If you have issues with the XSL translation failing with errors mentioning "xalan", it may be an issue where IntelliJ defaults to using the Xalan XSLT engine, which only supports XSLT 1.0. The default crosswalks require an engine that supports XSLT 2.0.

Ideally you want to use Saxon HE as that is the engine used internally by the harvester. To force IntelliJ to use Saxon, first ensure that it is set up as a dependency for your project:

File-> Project Structure-> Modules (on the LHS)-> Dependencies tab (on RHS)

From that dialog add a dependency on the saxon9he.jar jar file, which you should find in the plugins/xslt-debugger/rt directory within your IntelliJ installation. Once that is done edit your XSL Run configuration(s), on the Advanced tab, input

 -Dxslt.transformer.type=saxon9 

in the VM Arguments field. Additionally you should ensure you have selected "From Module" in the "Classpath and JDK" section.

Packaging and Deployment

When you are ready to move from your workstation to a server, you will need to package up the harvester, to ready it for installation on a server. To do this you need to run

mvn clean package

Once Maven finishes executing, a .tar.gz file will be created in the target directory.
Note: you can run these same Maven commends (clean and package) from within your IDE if you prefer.

For details of how to deploy the built package please refer to the "Installation Guide" pdf in the release documentation.

Performance Considerations

Disk IO

The Harvester can be disk intensive.

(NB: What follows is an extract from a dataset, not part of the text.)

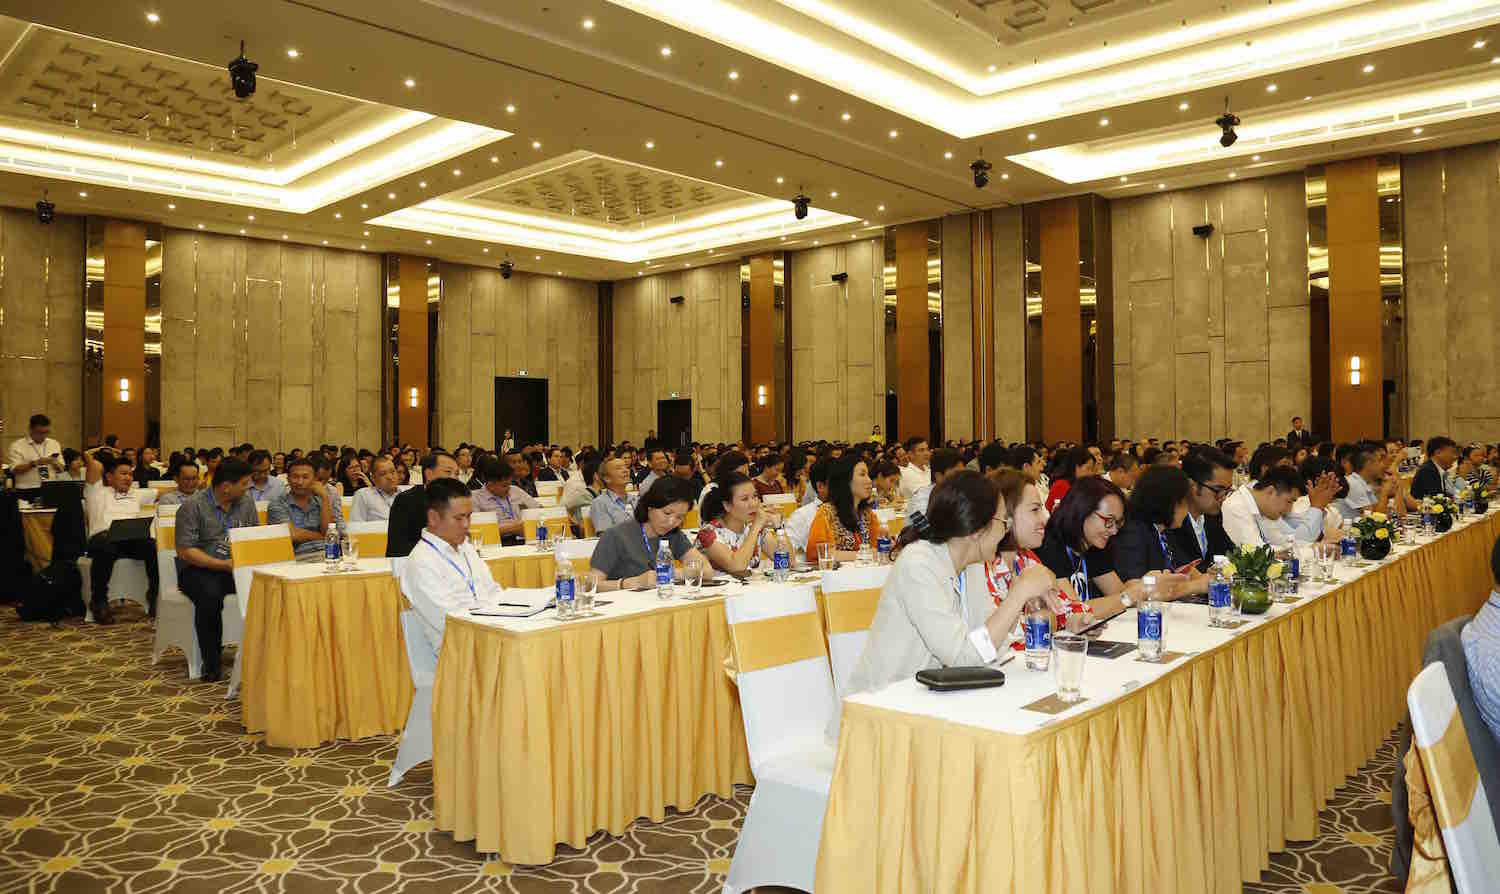 Hơn 800 khách mời, đại diện cho hơn 200 NCC lớn trong nước và quốc tế tham dự Hội nghị nhà cung cấp do Vincommerce tổ chức.

The disk is constantly being read from and written to during many operations:

  • Harvesting raw data.
  • Writing translated data.
  • Populating temporary triple store.
  • Writing Change sets and fragments.

This is particularly true during loading of the temporary triple store where, for a typically sized institution, several gigabytes of data can be being read from the cache of translated triples and written into the on disk TDB triple store. As this process has to be performed every time the harvester is run (even on a delta update) disk IO is critical to the overall performance of the harvester.

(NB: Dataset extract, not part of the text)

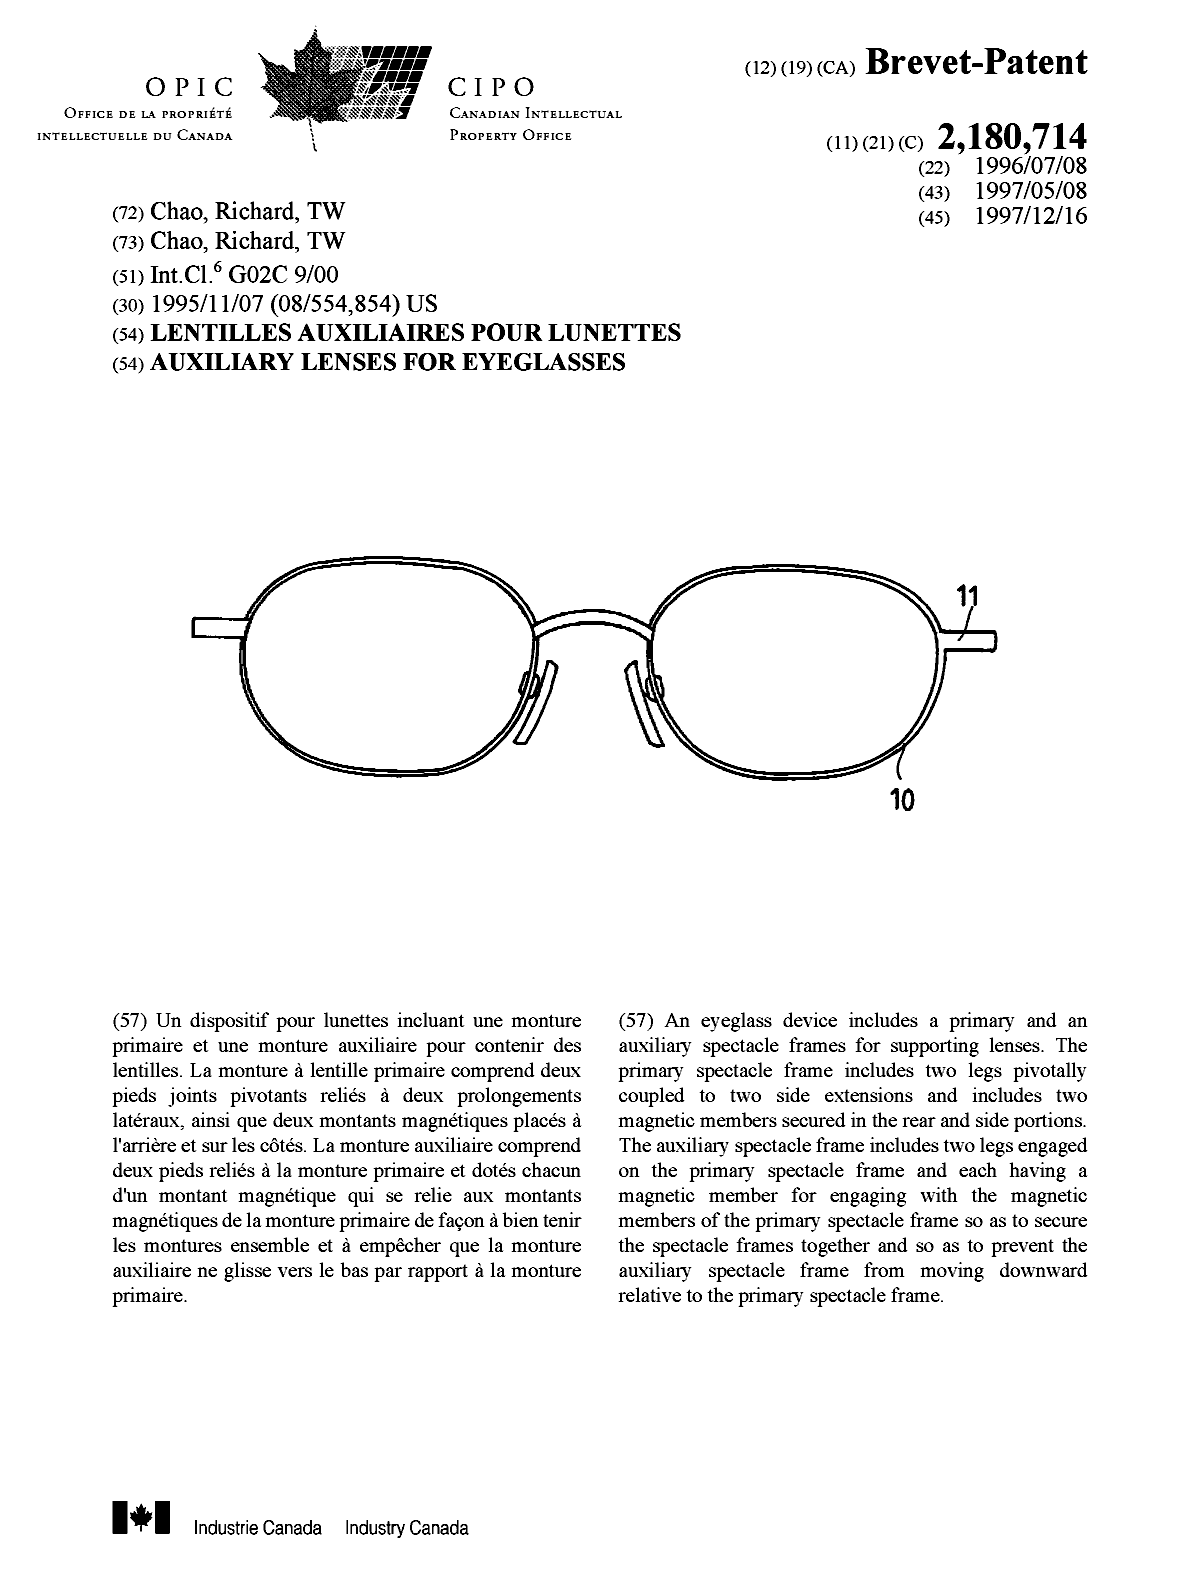 Document de brevet canadien 2180714. Page couverture 19980121. Image 1 de 1

We very strongly recommend you use SSD based storage on any server where the harvester will be used.

Memory

The harvester can be very memory intensive, this is particularly true during the diff operation where the current temporary triple store is compared to the equivalent store from the previous run.
During this process in both copies of the triple store can be loaded into RAM. To accommodate this the default elementsfetch.sh script (used in a deployed instance to launch the harvester) ensures that the Java Virtual Machine (JVM) being used to run the process has access to up to 10 gigabytes of RAM.

If your datasets are significantly larger than 5Gb you may end up with poor performance (paging) or crashes during the diff operation (e.g. taking longer than 5-10 minutes). If this occurs you may need to increase the amount of RAM assigned to the JVM for the FetchAndTranslate operation.
Similarly if your dataset is much smaller than 5Gb you may be able to reduce the amount of RAM being assigned to the JVM.

Acknowledgements

The first version of the Elements-VIVO Harvester was developed by Ian Boston, and was originally available at: https://github.com/ieb/symplectic-harvester.

The second version was developed by Graham Triggs (whilst working for Symplectic), and can be found at https://github.com/Symplectic/VIVO. Additional thanks to Daniel Grant from Emory University for his contributions to the second version.

This version was developed by Andrew Cockbill (whilst working for Symplectic).

About

This Vivo harvester is designed to harvest data from Symplectic Elements (via the Elements API) and transfer it to Vivo (via Vivo's Sparql Update API) in a manner that can support regular (e.g. nightly) updates. The harvested Elements data is transformed into Vivo compatible RDF by a customisable XSLT based cross-walking framework.